Step 6: Integrate into CI/CD Pipeline

Add MobSF scanning as a build gate:

# GitHub Actions example
- name: MobSF Static Analysis
  run: |
    UPLOAD=$(curl -s -F "file=@app/build/outputs/apk/release/app-release.apk" \
      http://mobsf:8000/api/v1/upload -H "Authorization: $MOBSF_API_KEY")
    HASH=$(echo $UPLOAD | jq -r '.hash')
    curl -s -X POST http://mobsf:8000/api/v1/scan \
      -H "Authorization: $MOBSF_API_KEY" \
      -d "scan_type=apk&file_name=app-release.apk&hash=$HASH"
    SCORE=$(curl -s -X POST http://mobsf:8000/api/v1/scorecard \
      -H "Authorization: $MOBSF_API_KEY" -d "hash=$HASH" | jq '.security_score')
    if [ "$SCORE" -lt 60 ]; then exit 1; fi

Key Concepts

Tools & Systems

• MobSF: Automated mobile security analysis framework supporting static and dynamic analysis of Android/iOS apps
• JADX: Dex-to-Java decompiler for recovering readable source code from Android APK files
• apktool: Tool for reverse engineering Android APK files, decoding resources to near-original form
• Android Lint: Google's static analysis tool for Android-specific code quality and security issues
• Semgrep: Pattern-based static analysis engine with mobile-specific rule packs for custom vulnerability detection

Common Pitfalls

• Ignoring false positives: MobSF flags patterns like password in variable names even when not storing actual credentials.
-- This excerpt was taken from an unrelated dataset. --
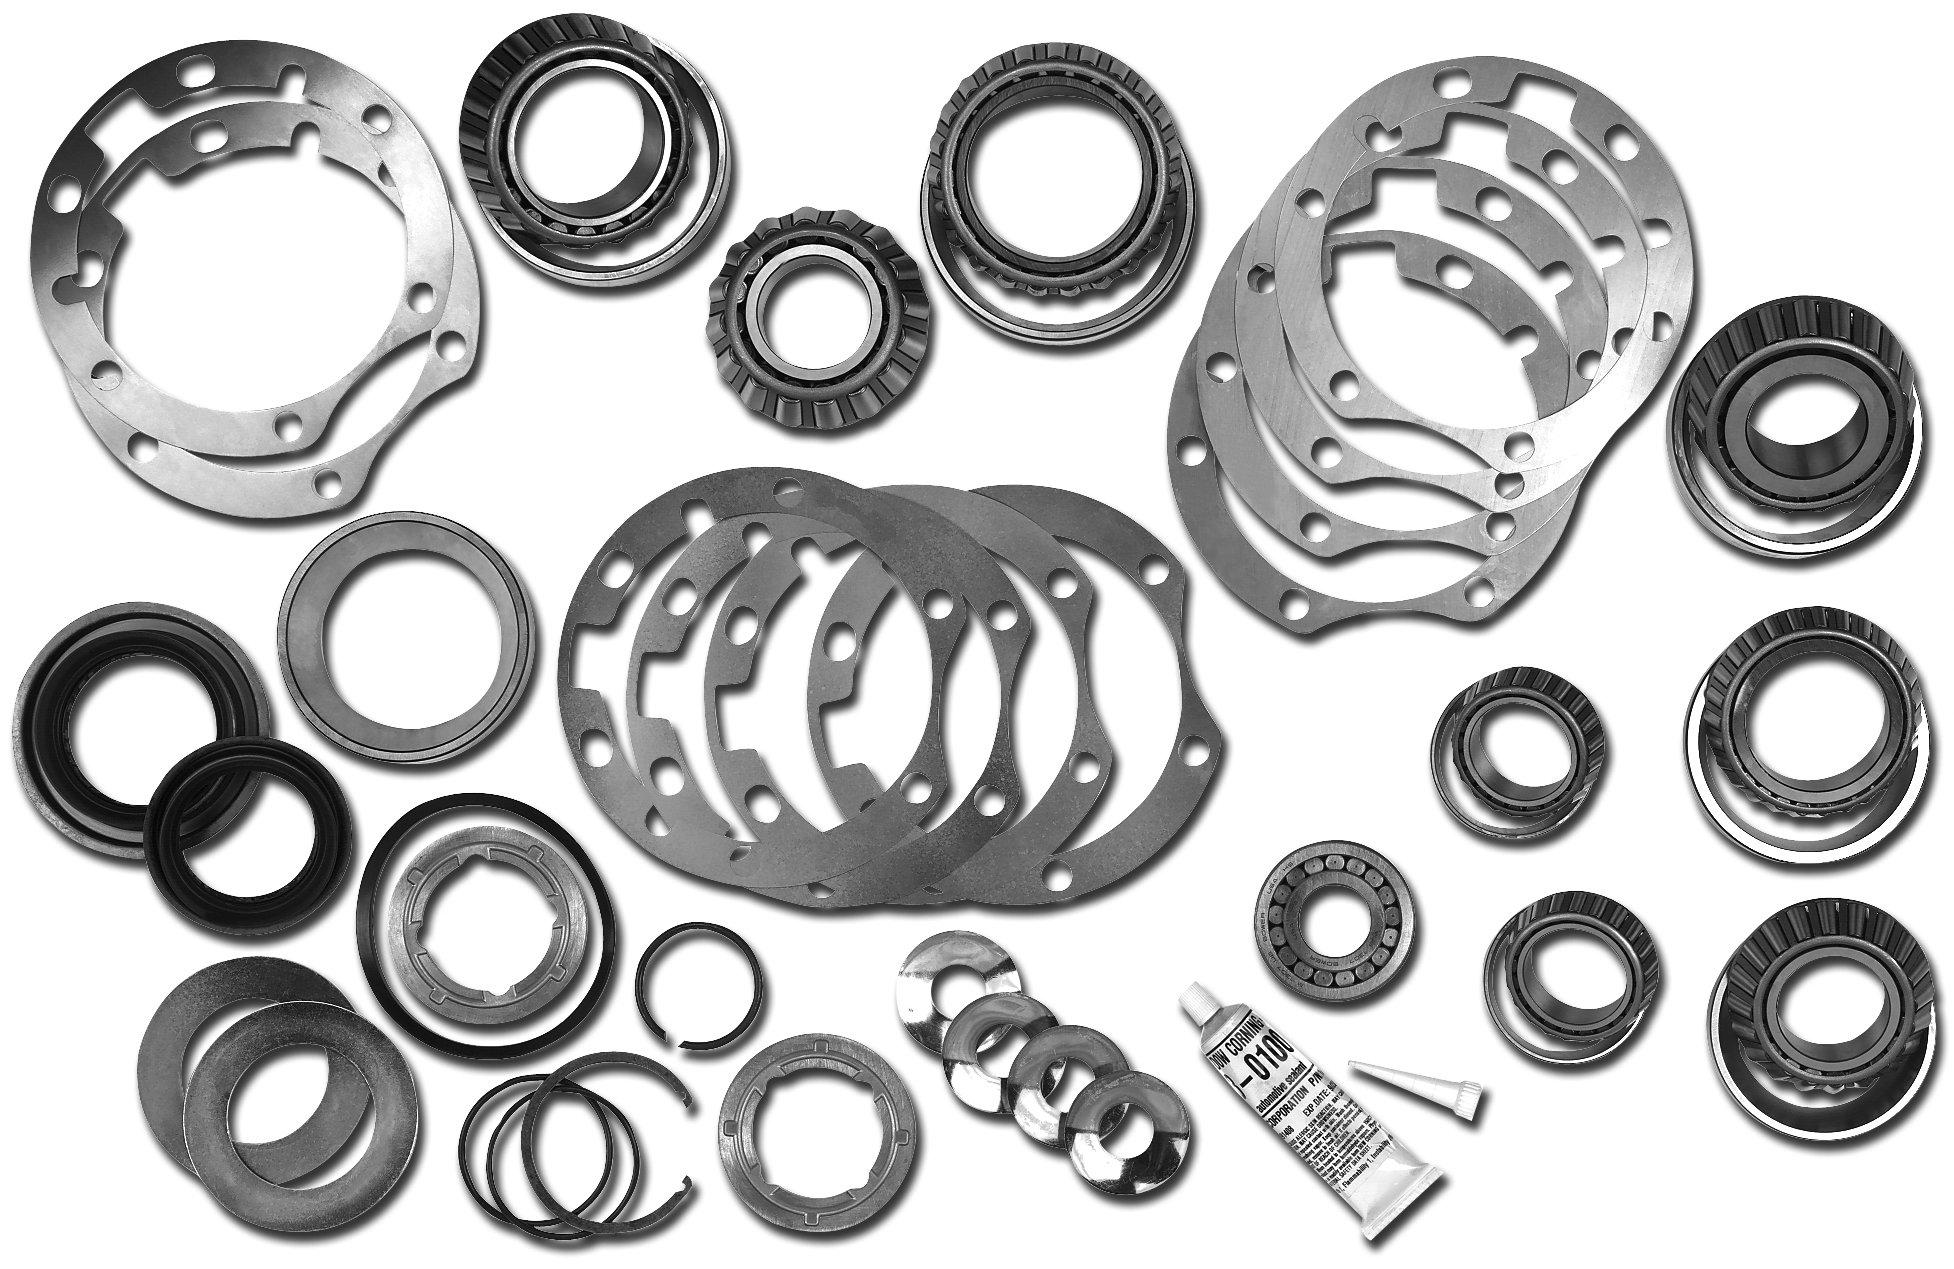 Dana Spicer 2017091 Master Axle Overhaul Kit for 98-02

Triage all HIGH findings manually before reporting.
• Missing obfuscated code: Static analysis accuracy drops significantly against obfuscated apps. Supplement with dynamic analysis for apps using DexGuard or custom packers.
• Outdated MobSF rules: Security rules evolve with Android API levels. Ensure MobSF is updated to match the target app's targetSdkVersion.
• Skipping native code analysis: MobSF analyzes Java/Kotlin but has limited coverage of native C/C++ libraries. Use checksec and manual review for .so files.